You are viewing a plain text version of this content. The canonical link for it is here.
Posted to user@hive.apache.org by Roberto Congiu <ro...@openx.org> on 2010/02/12 22:05:08 UTC

SerDe issue

Hey guys,
I wrote a SerDe to support lwes (http://lwes.org) using BinarySortableSerDe
as a model.

The code is very similar, and I serialize an lwes event to a BytesWritable,
and deserialize from it.

Serialization is fine...however, when I run an insert into... select, the
Deserialize methods is passed a Text object instead of a BytesWritable
object like expected.

Hive generates 2 jobs, and it fails on the mapper in the second.

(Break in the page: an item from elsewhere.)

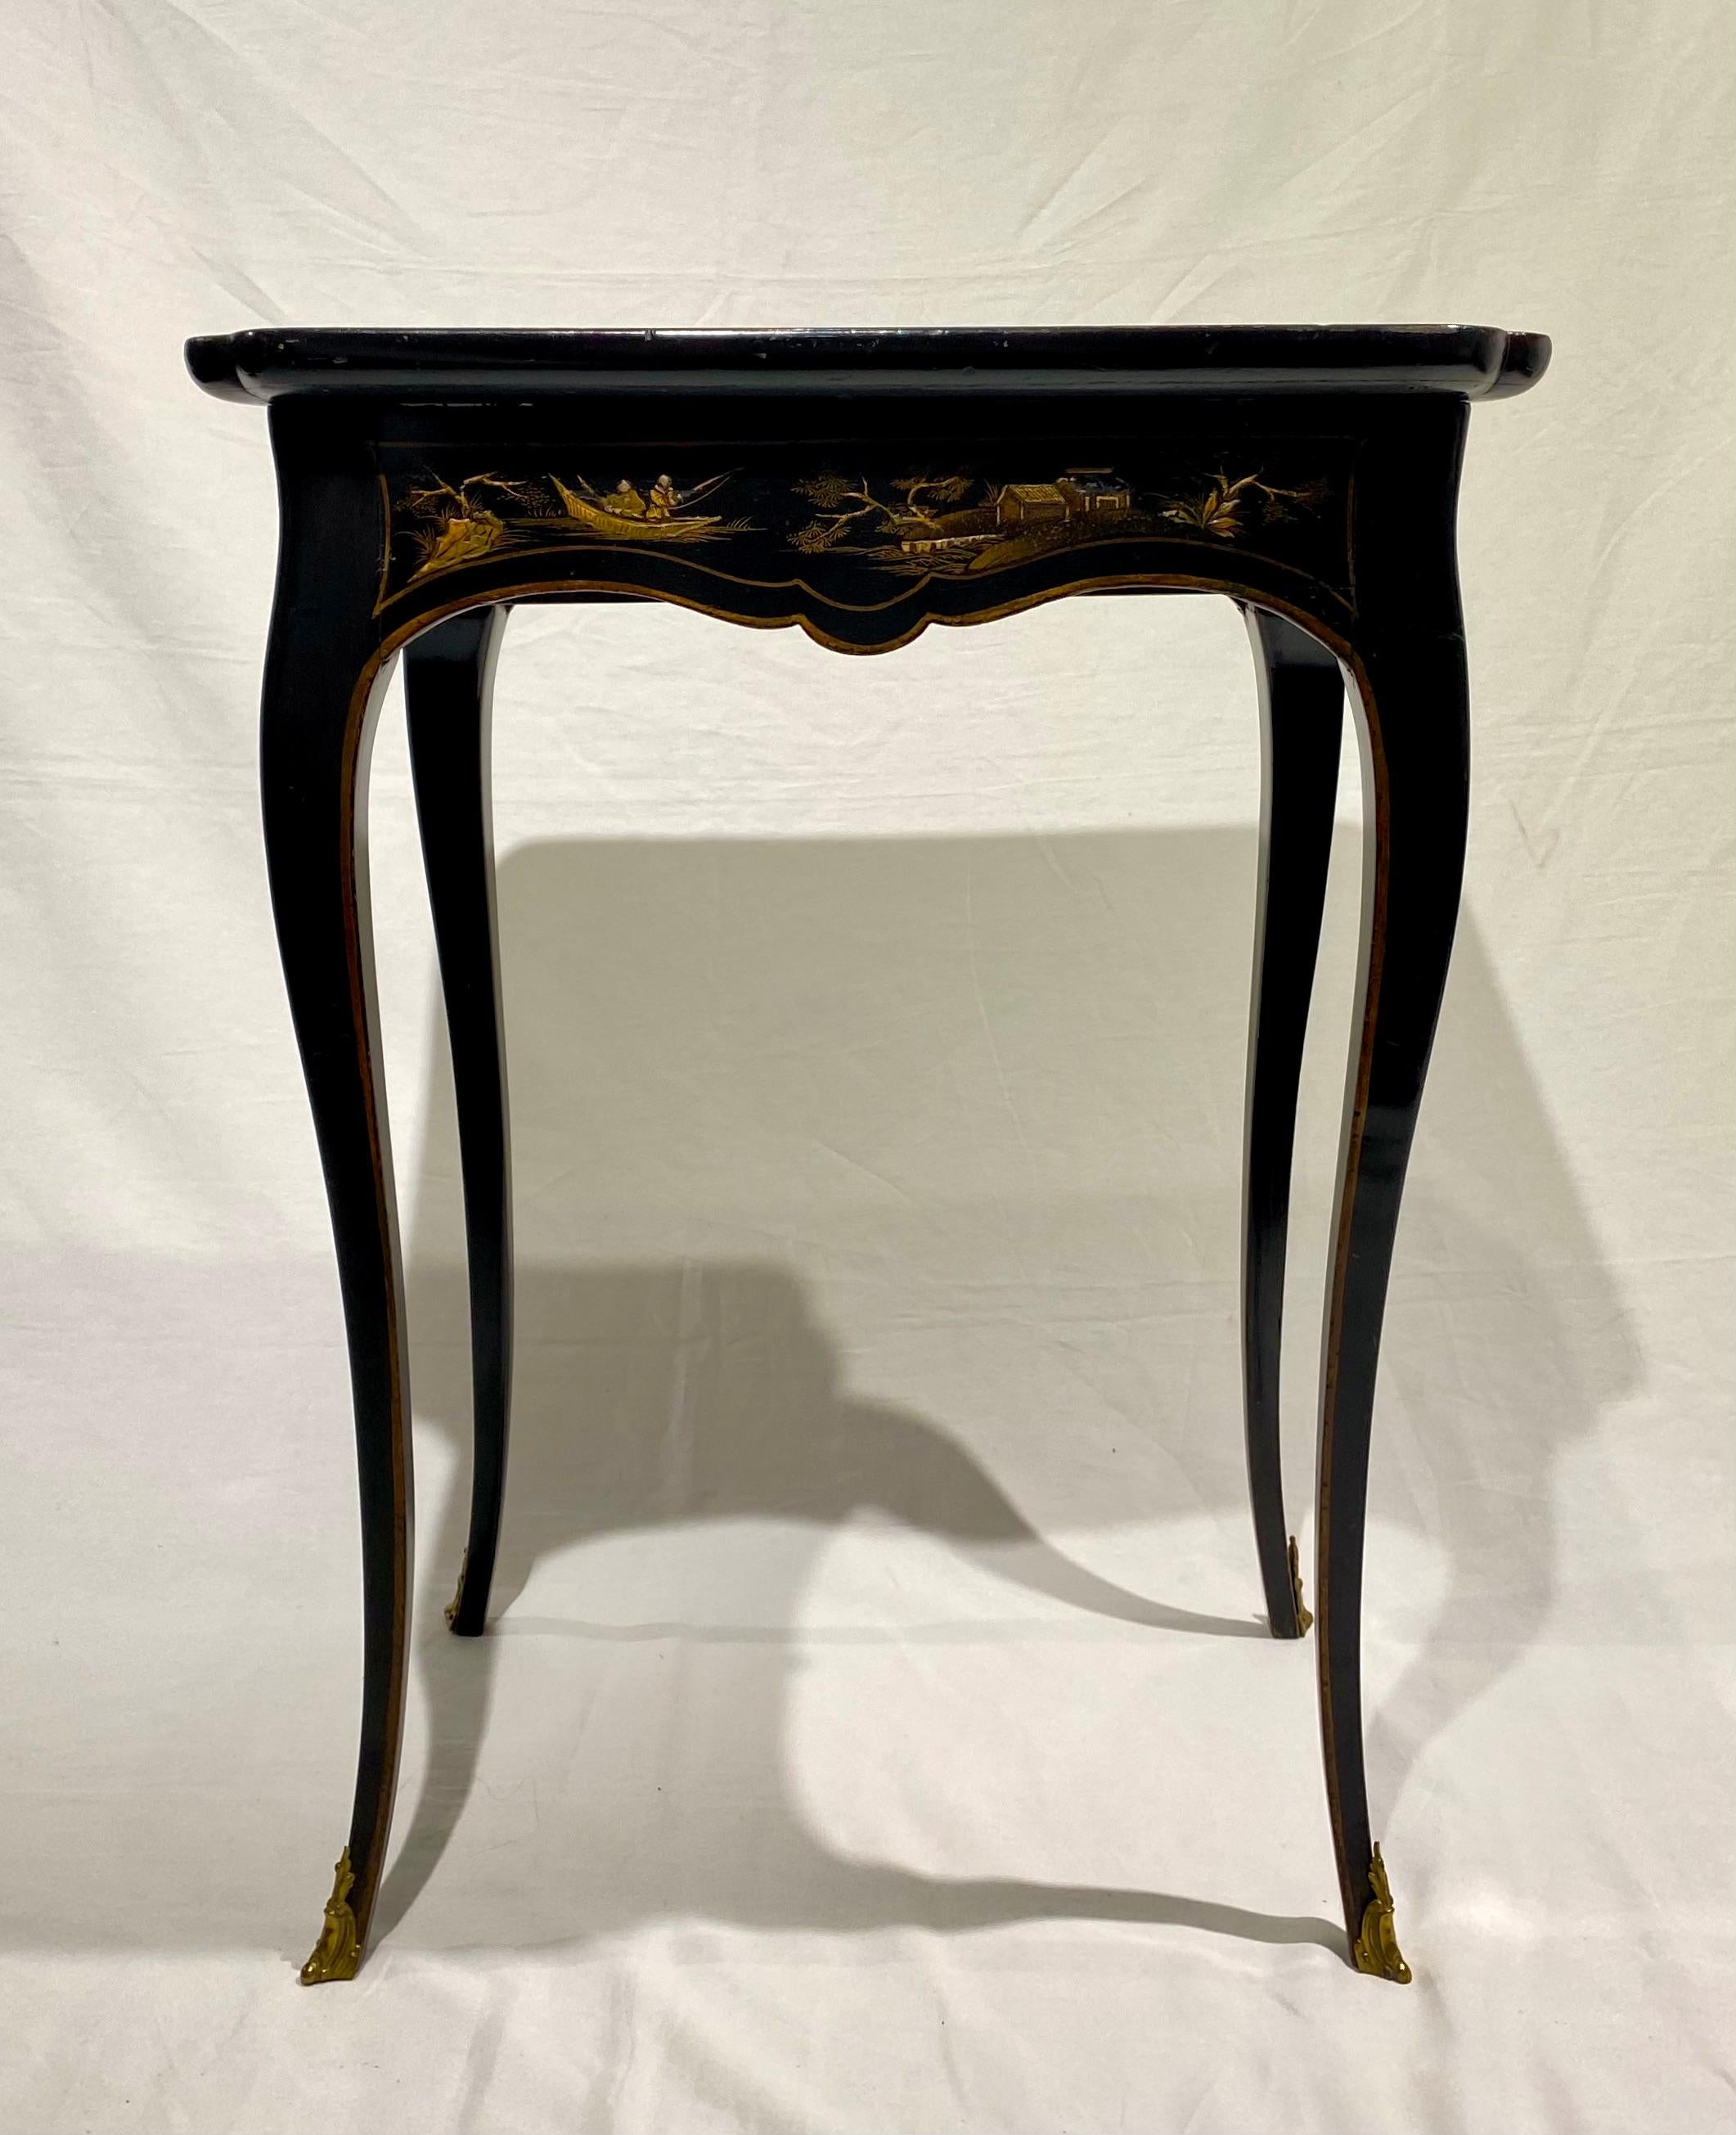 A Louis XV black and gilt Japanned occasional table, mid-18th century, with later restorations to the top. The dished tray (cabaret) adorned with raised, classic representations of fishing boats, fishermen, checker players and pagodas depicted in a

getSerializedClass() is set correctly:

 public Class<? extends Writable> getSerializedClass() {
        LOG.debug("JournalSerDe::getSerializedClass()");
        return BytesWritable.class;
    }

And I don't see any relevant difference between BinarySortableSerDe and my
code.
Does anybody have a hint on what may be happening ?

Thanks,
Roberto

Re: SerDe issue

Posted by Roberto Congiu <ro...@openx.org>.
Thanks Zheng,
Didn't think of that.
that worked!
R.

On Fri, Feb 12, 2010 at 1:19 PM, Zheng Shao <zs...@gmail.com> wrote:

> Hi Roberto,
>
> The reason that Text is passed in is because the table is defined as
> TextFile format (the default).
>
> There are some examples (*.q files) of using SequenceFile format (
> CREATE TABLE xxx .... STORED AS SEQUENCEFILE).
> SEQUENCEFILE will return BytesWritable by default.
>
> Please have a try.
>
> Zheng
>
> On Fri, Feb 12, 2010 at 1:05 PM, Roberto Congiu
> <ro...@openx.org> wrote:
> > Hey guys,
> > I wrote a SerDe to support lwes (http://lwes.org) using
> BinarySortableSerDe
> > as a model.
> > The code is very similar, and I serialize an lwes event to a
> BytesWritable,
> > and deserialize from it.
> > Serialization is fine...however, when I run an insert into... select, the
> > Deserialize methods is passed a Text object instead of a BytesWritable
> > object like expected.
> > Hive generates 2 jobs, and it fails on the mapper in the second.
> > getSerializedClass() is set correctly:
> >  public Class<? extends Writable> getSerializedClass() {
> >         LOG.debug("JournalSerDe::getSerializedClass()");
> >         return BytesWritable.class;
> >     }
> > And I don't see any relevant difference between BinarySortableSerDe and
> my
> > code.
> > Does anybody have a hint on what may be happening ?
> > Thanks,
> > Roberto
>
>
>
> --
> Yours,
> Zheng
>

Re: SerDe issue

Posted by Zheng Shao <zs...@gmail.com>.
Hi Roberto,

The reason that Text is passed in is because the table is defined as
TextFile format (the default).

There are some examples (*.q files) of using SequenceFile format (
CREATE TABLE xxx .... STORED AS SEQUENCEFILE).
SEQUENCEFILE will return BytesWritable by default.

Please have a try.

Zheng

On Fri, Feb 12, 2010 at 1:05 PM, Roberto Congiu
<ro...@openx.org> wrote:
> Hey guys,
> I wrote a SerDe to support lwes (http://lwes.org) using BinarySortableSerDe
> as a model.
> The code is very similar, and I serialize an lwes event to a BytesWritable,
> and deserialize from it.
> Serialization is fine...however, when I run an insert into... select, the
> Deserialize methods is passed a Text object instead of a BytesWritable
> object like expected.
> Hive generates 2 jobs, and it fails on the mapper in the second.
> getSerializedClass() is set correctly:
>  public Class<? extends Writable> getSerializedClass() {
>         LOG.debug("JournalSerDe::getSerializedClass()");
>         return BytesWritable.class;
>     }
> And I don't see any relevant difference between BinarySortableSerDe and my
> code.
> Does anybody have a hint on what may be happening ?
> Thanks,
> Roberto



-- 
Yours,
Zheng